The Jayewardene era introduced in this country the concept of an all powerful Executive President who would dominate   all aspects of governance. The immediate  negative impact on several aspects of governance is recorded in publications on the period which examine the  searing experience of ethnic and other forms of both  State and individual acts of  violence, especially in the period of armed conflict. However, fundamental rights were justiciable in the courts and judges like late Mark Fernando and ARB Amerasinghe supported by human rights and Constitutional lawyers like my husband and late HL de Silva created a body of jurisprudence that helped to make rights meaningful for people who suffered state violence and abuse of power.

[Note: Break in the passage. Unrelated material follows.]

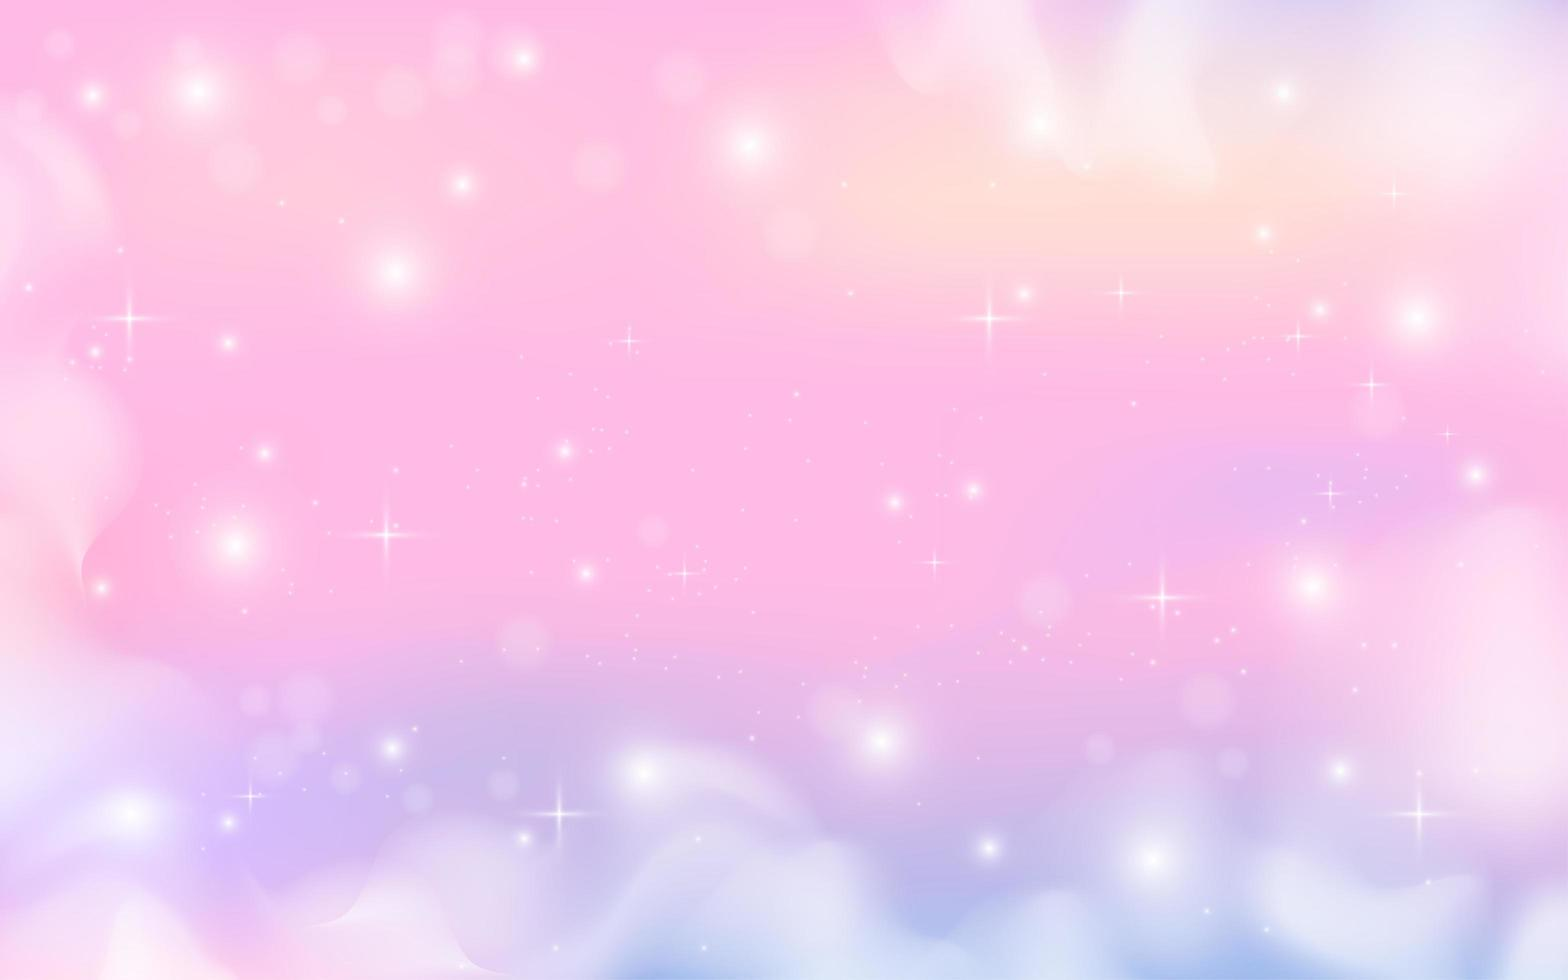 pastelkleur fantasie melkwegontwerp vector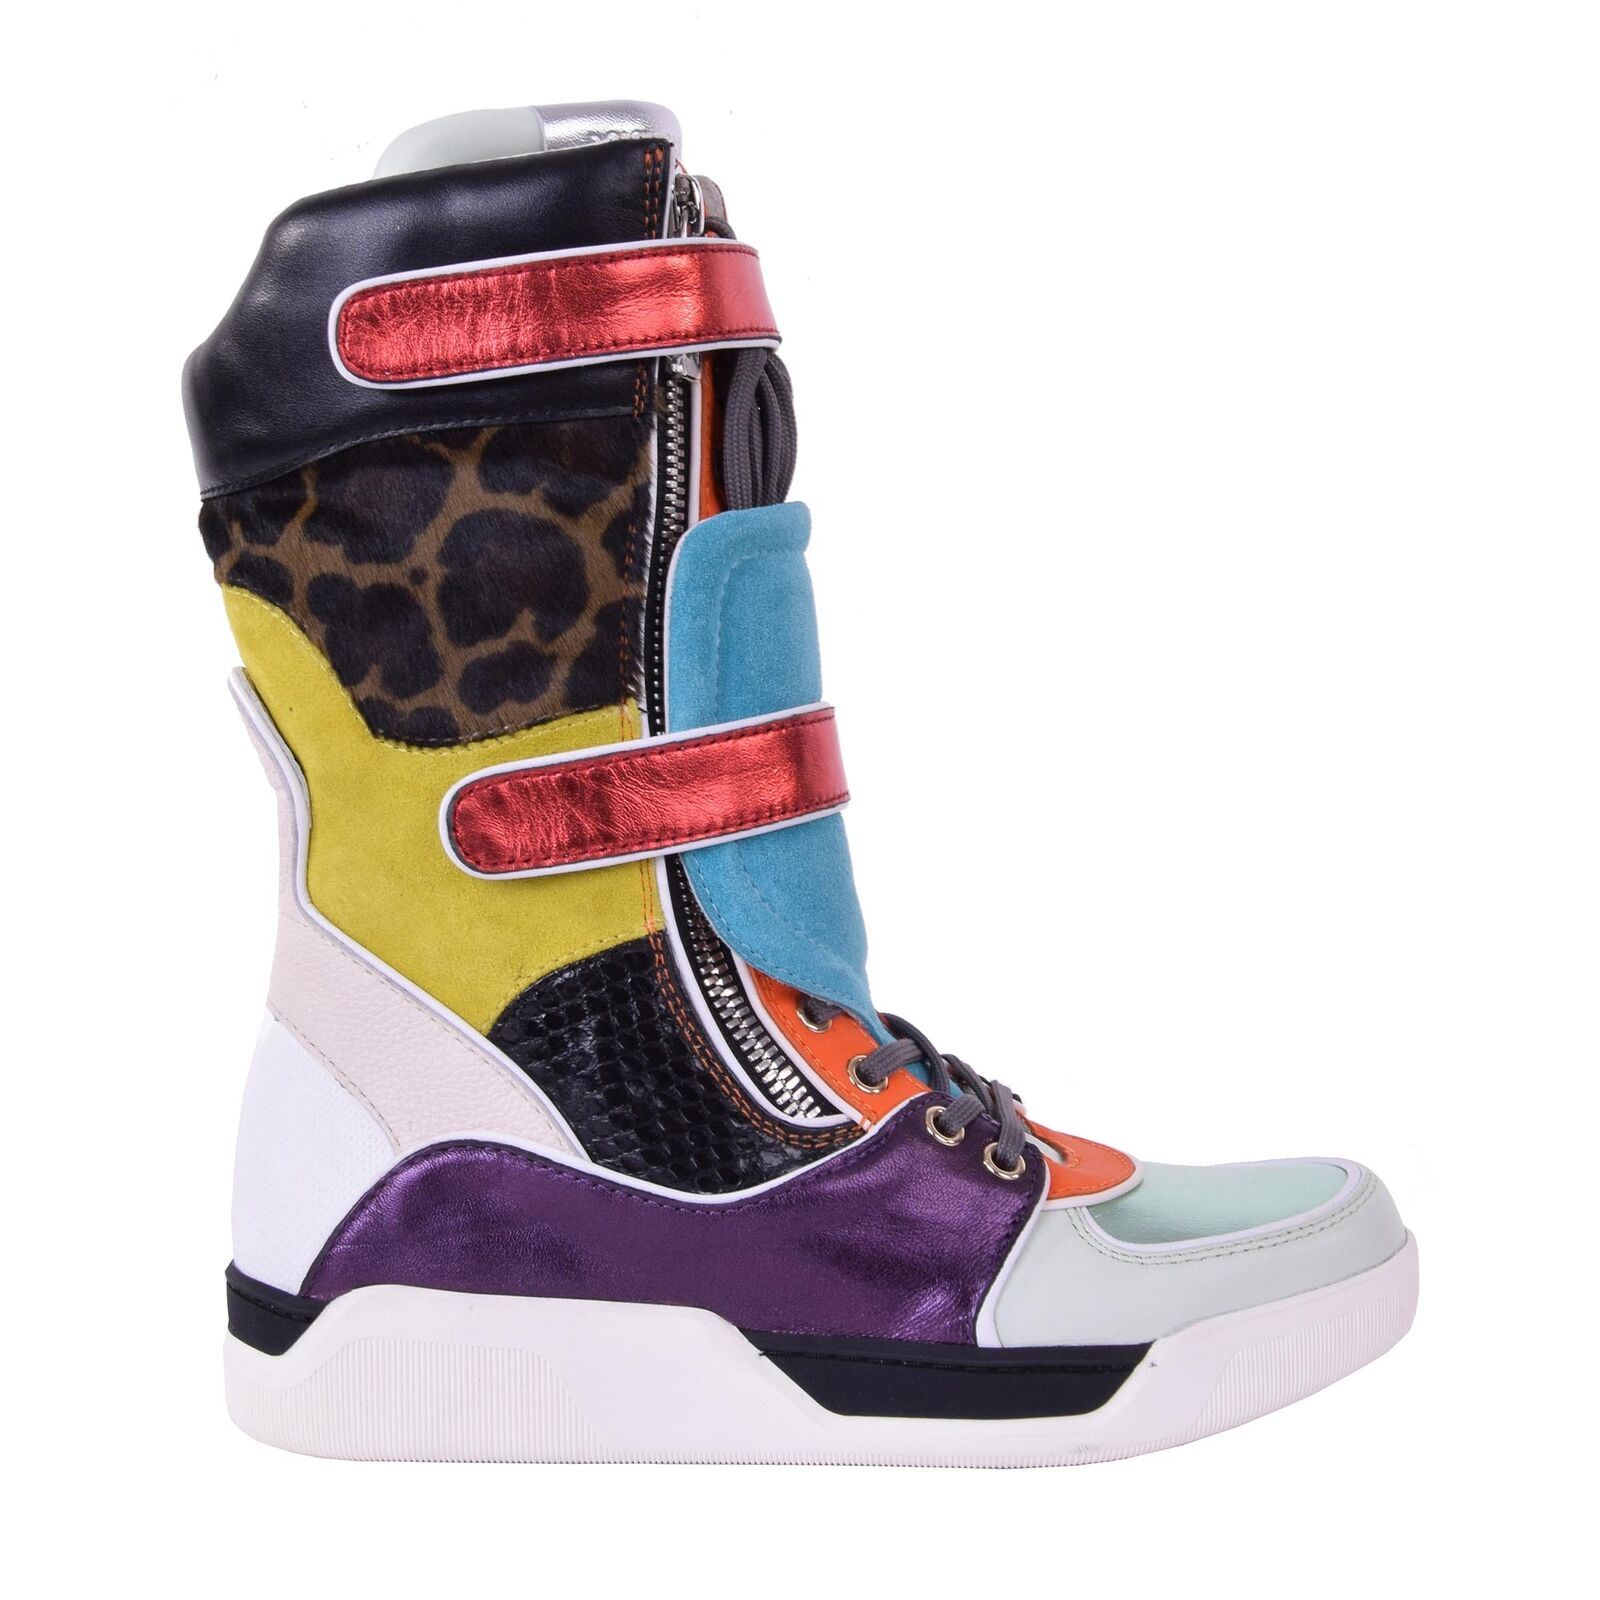 Dolce & Gabbana patchwork leo High-Top cortos botas botas negro azul 05873

I was in university administration during the years of the UNP governments of Presidents Jayawardene and Premadasa and    never experienced the political interference of the 1972 government. Excellent leadership by UGC Chairman Arjuna Aluvihare, and Professor Dayantha Wijesekere of the Open University helped us survive the violence and cope with the stresses. University Teachers for Human Right s (UTHR) was established in this period with the full support of Prof. Aluvihare and Vice Chancellors like Prof Wijesekere. One great act of courage by Arjuna was when he as Vice Chancellor of the University of Peradeniya, saved a student tied to a post on campus from being set on fire. Such acts of brutality but institutions and the legal profession functioned, with responsible leadership. Freedom of speech and expression had some space in universities though there was State violence against journalists even in these times.